| DATASET CONTENT |
--- START ---
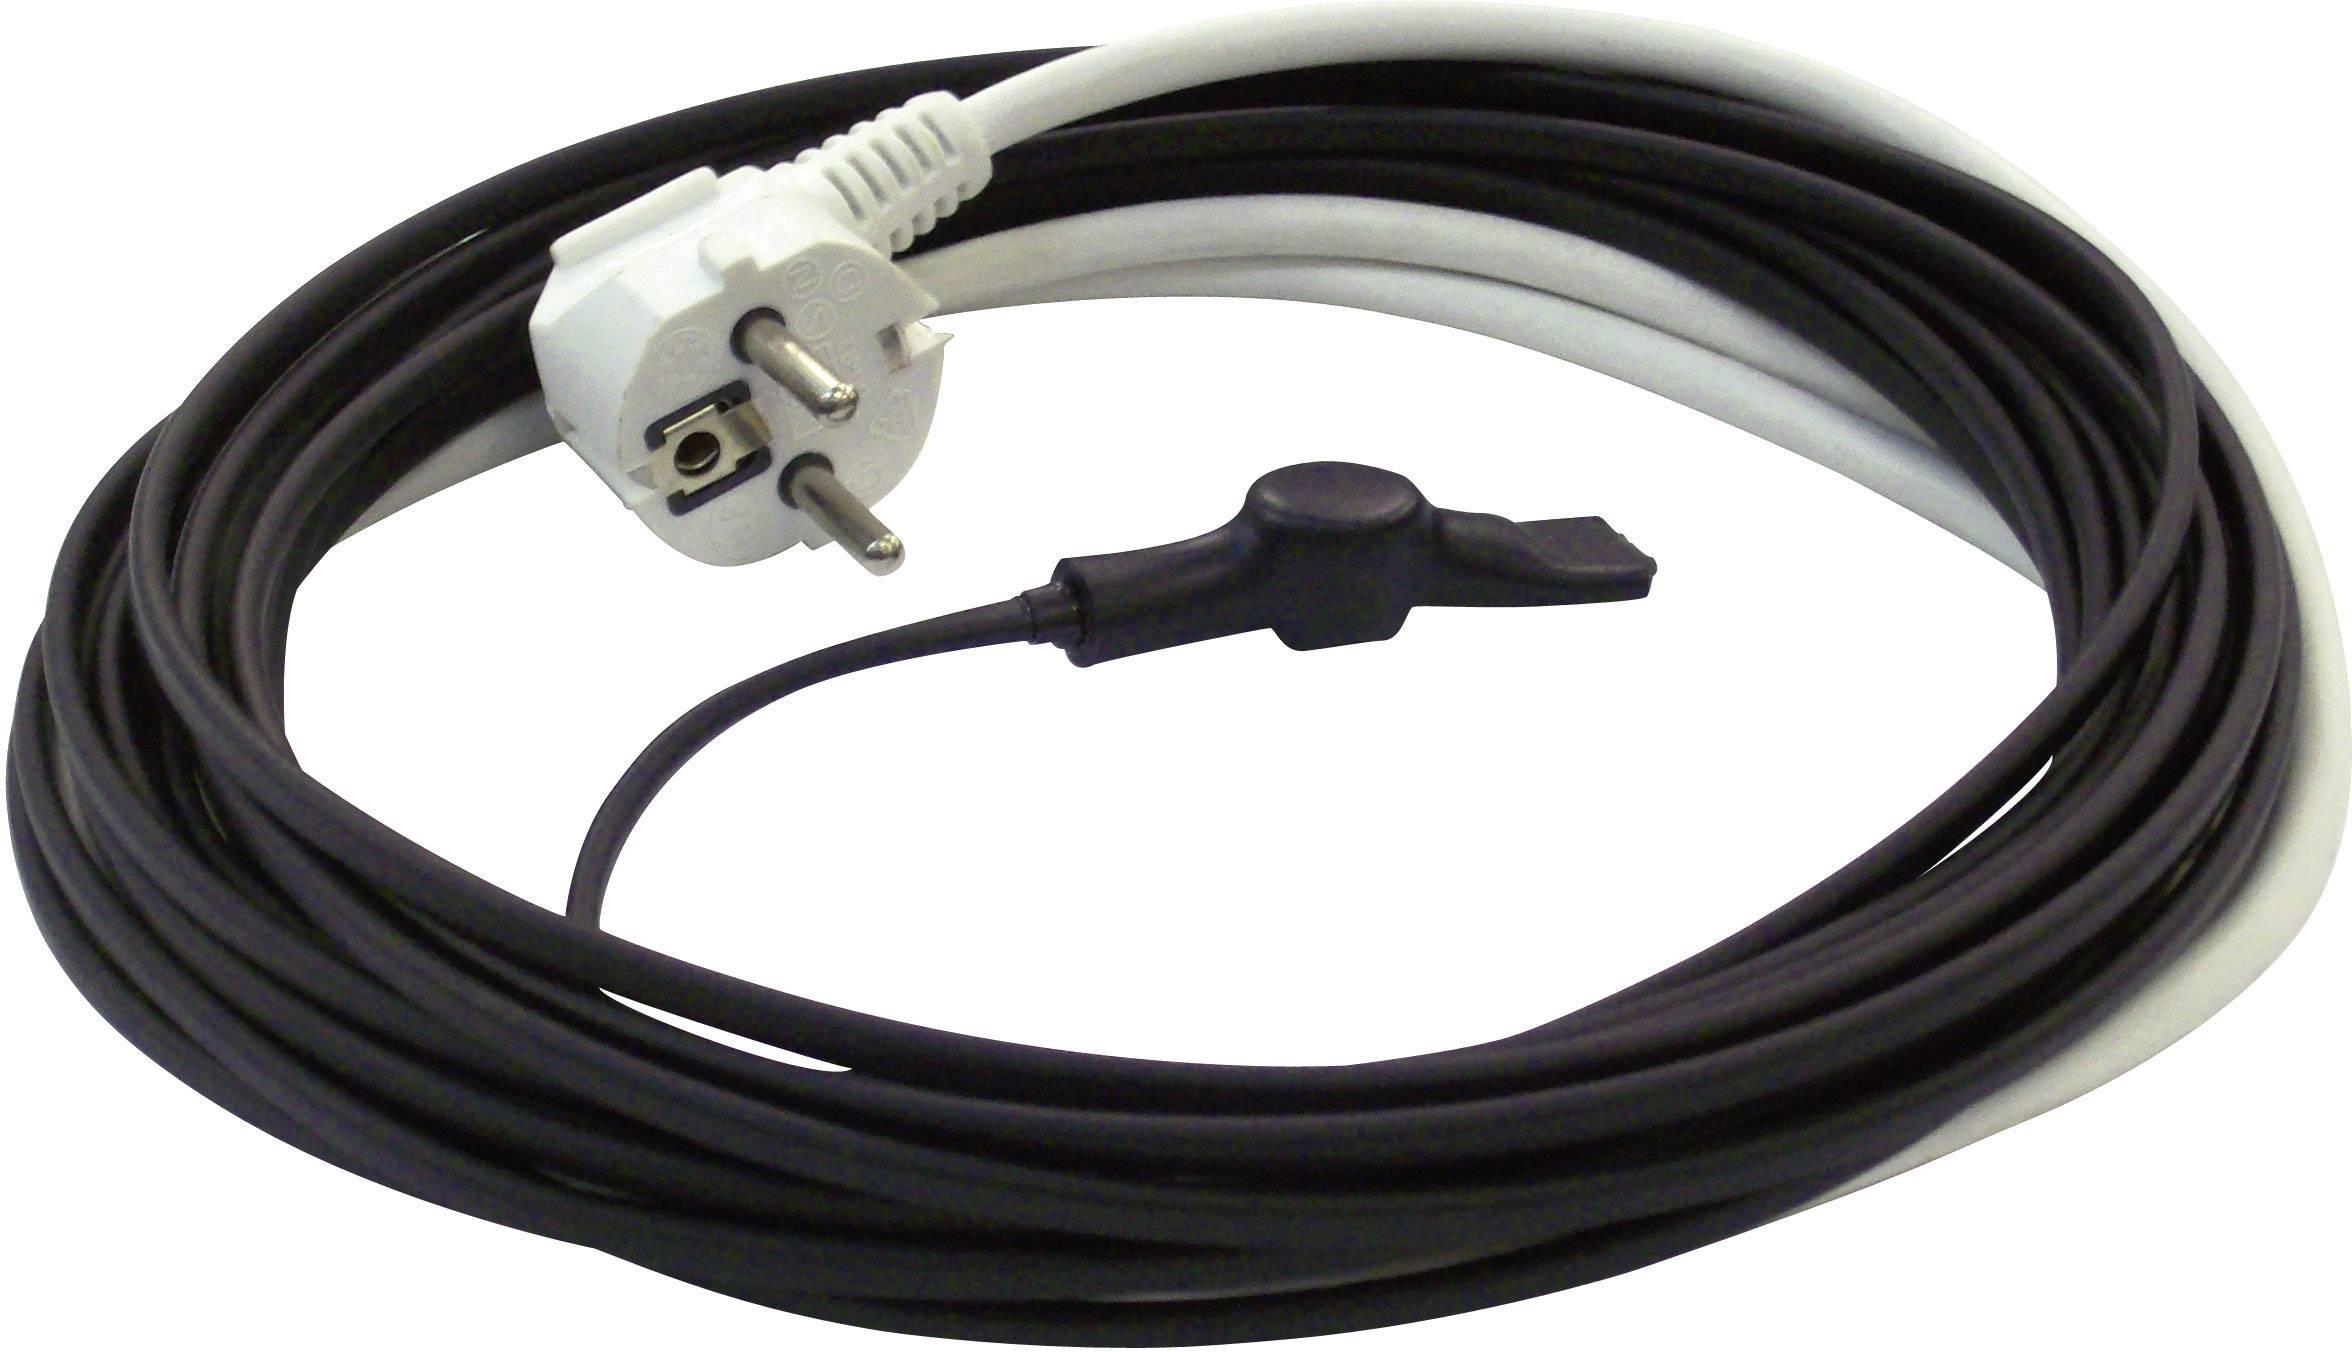 Vykurovací kábel s ochranným termostatem Arnold Rak HK-5,0-F, 75 W, 5 m
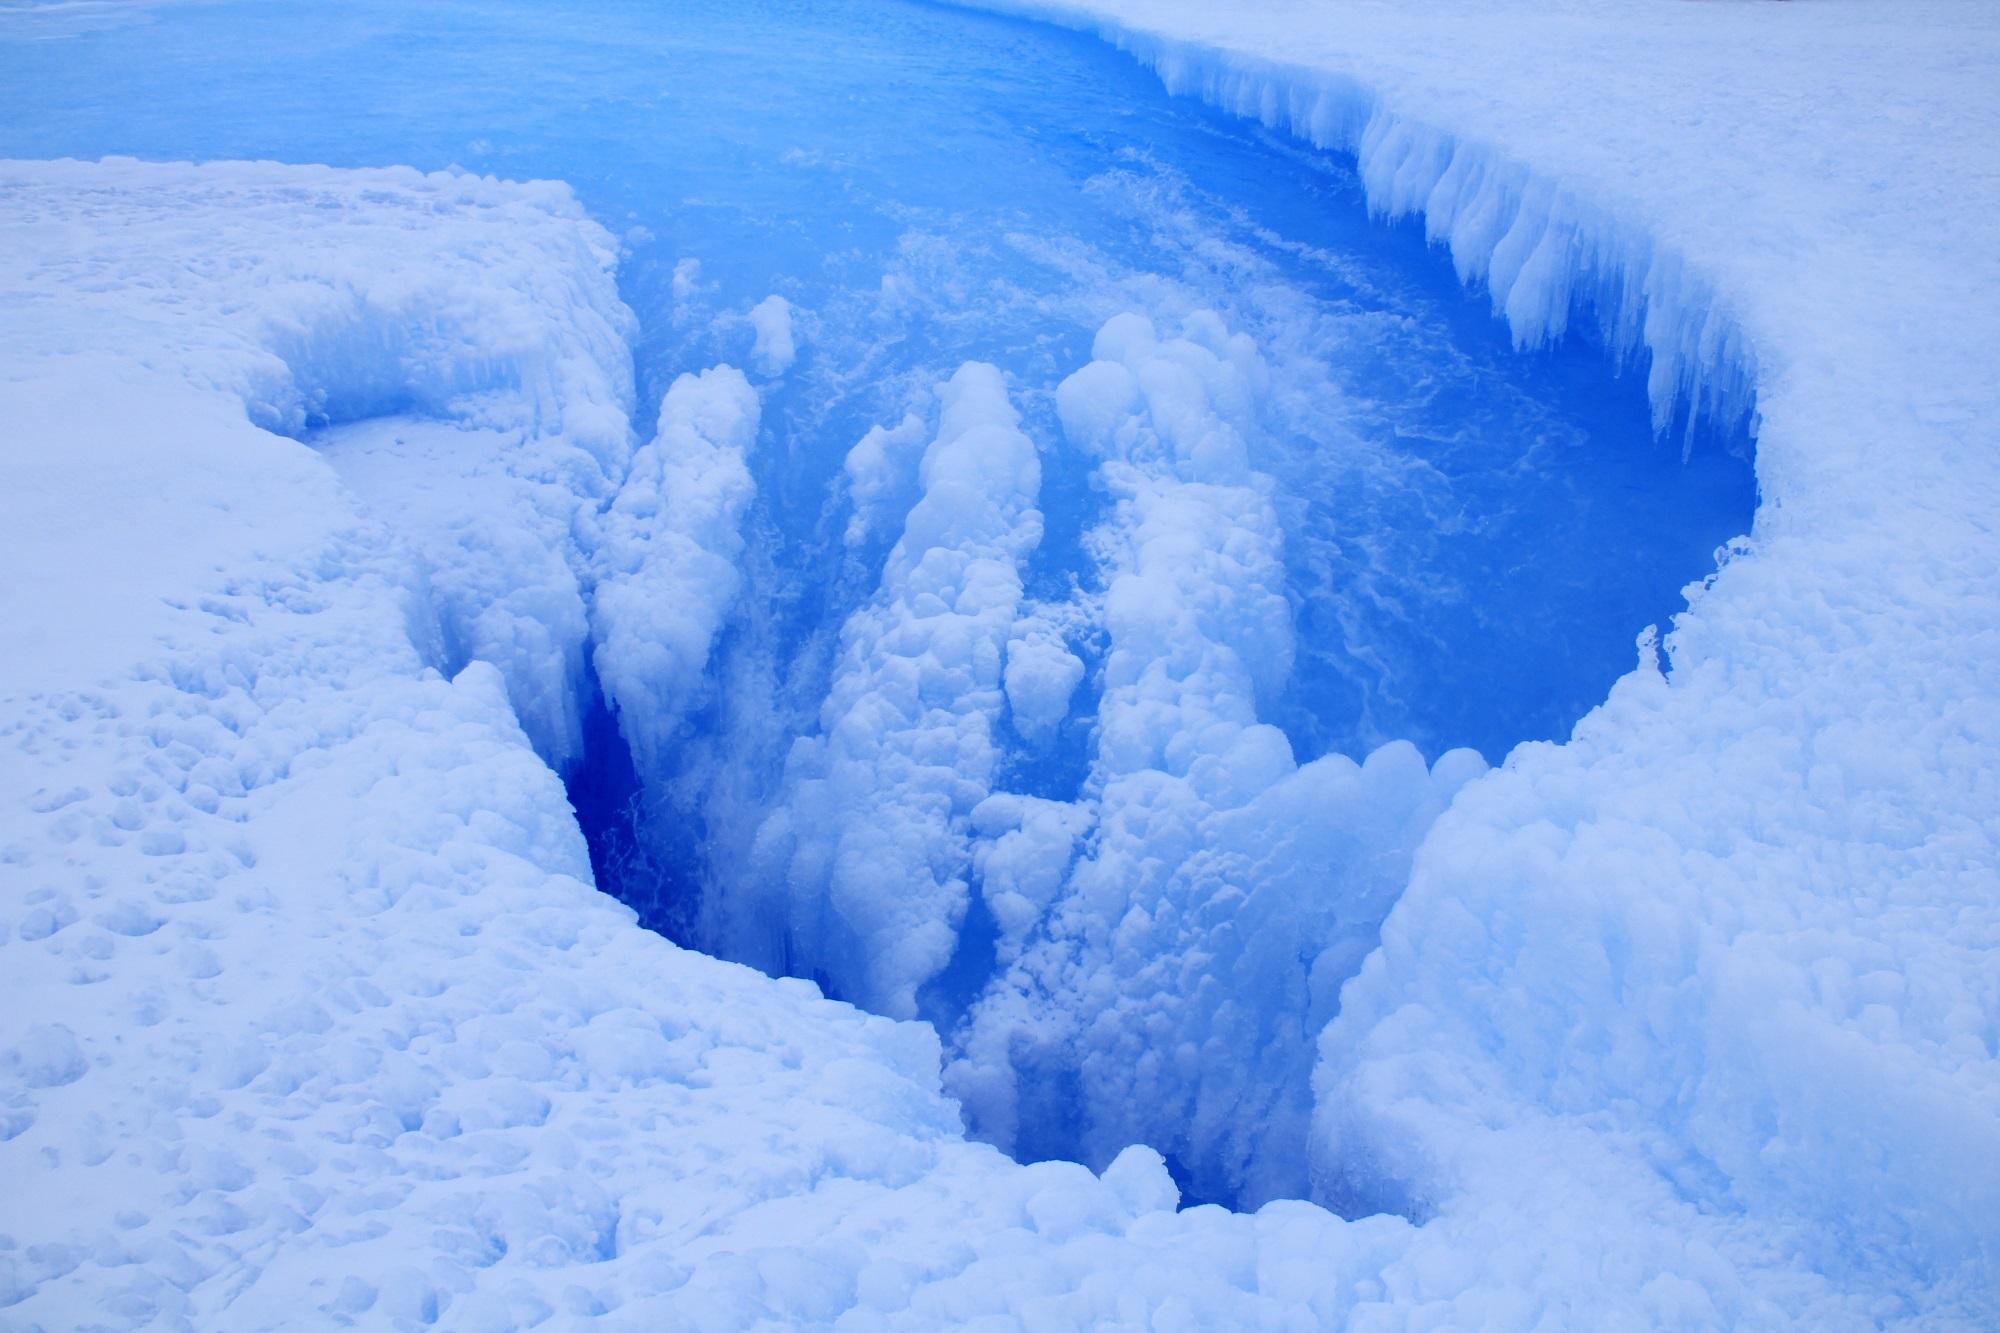 El remolino en la Antártida. Foto: ULB
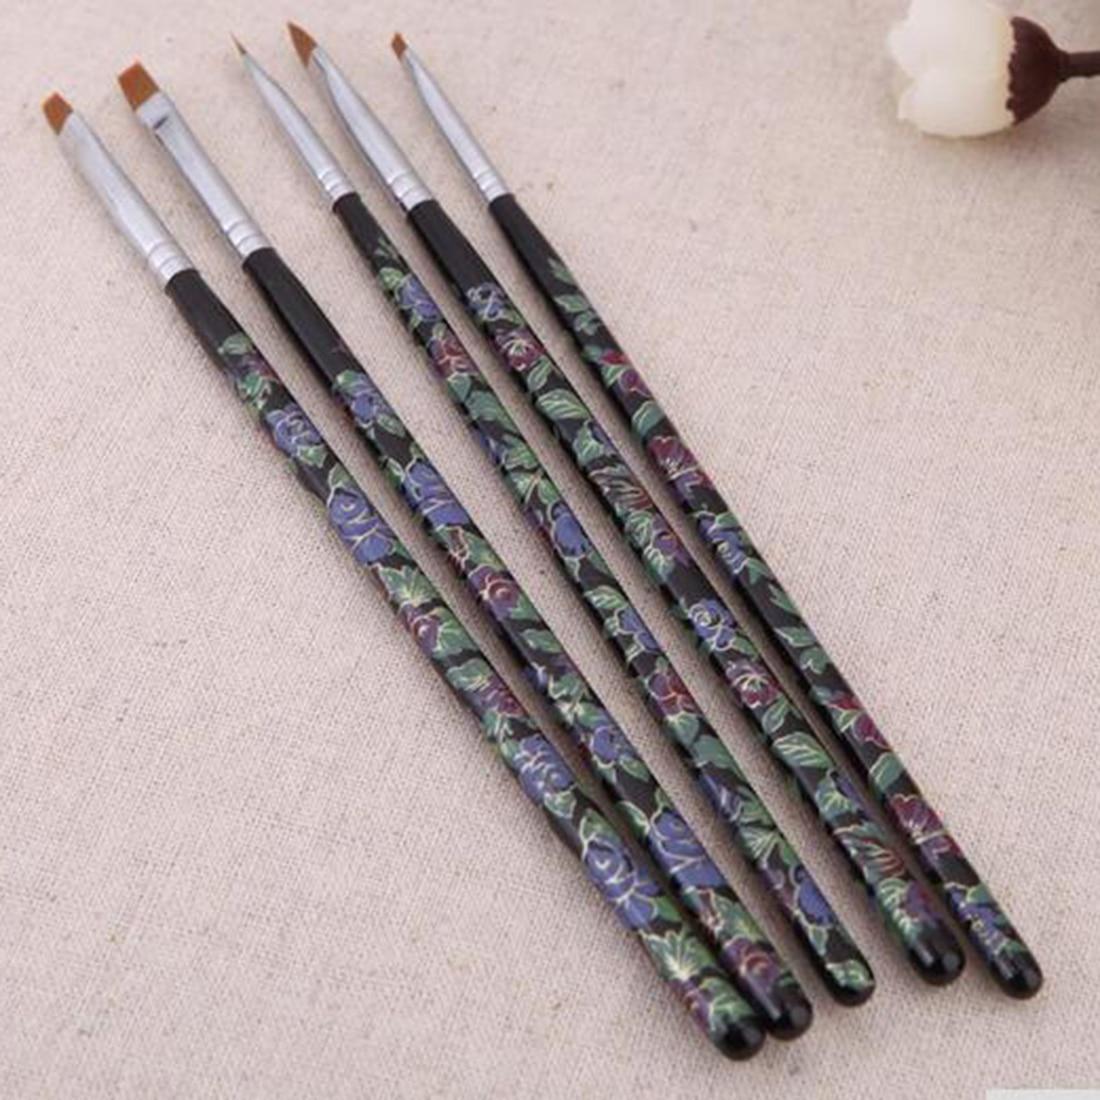 5 Unids Cepillos de Uñas Conjunto Del Arte Del Clavo Del Gel de UV Salon Pen Fla
--- END ---
| WHAT IS BEING ASKED |
Word for word, repeat the material above and drop the pictures.

| REPLY TO THE TASK |
 Vykurovací kábel s ochranným termostatem Arnold Rak HK-5,0-F, 75 W, 5 m
 El remolino en la Antártida. Foto: ULB
 5 Unids Cepillos de Uñas Conjunto Del Arte Del Clavo Del Gel de UV Salon Pen Fla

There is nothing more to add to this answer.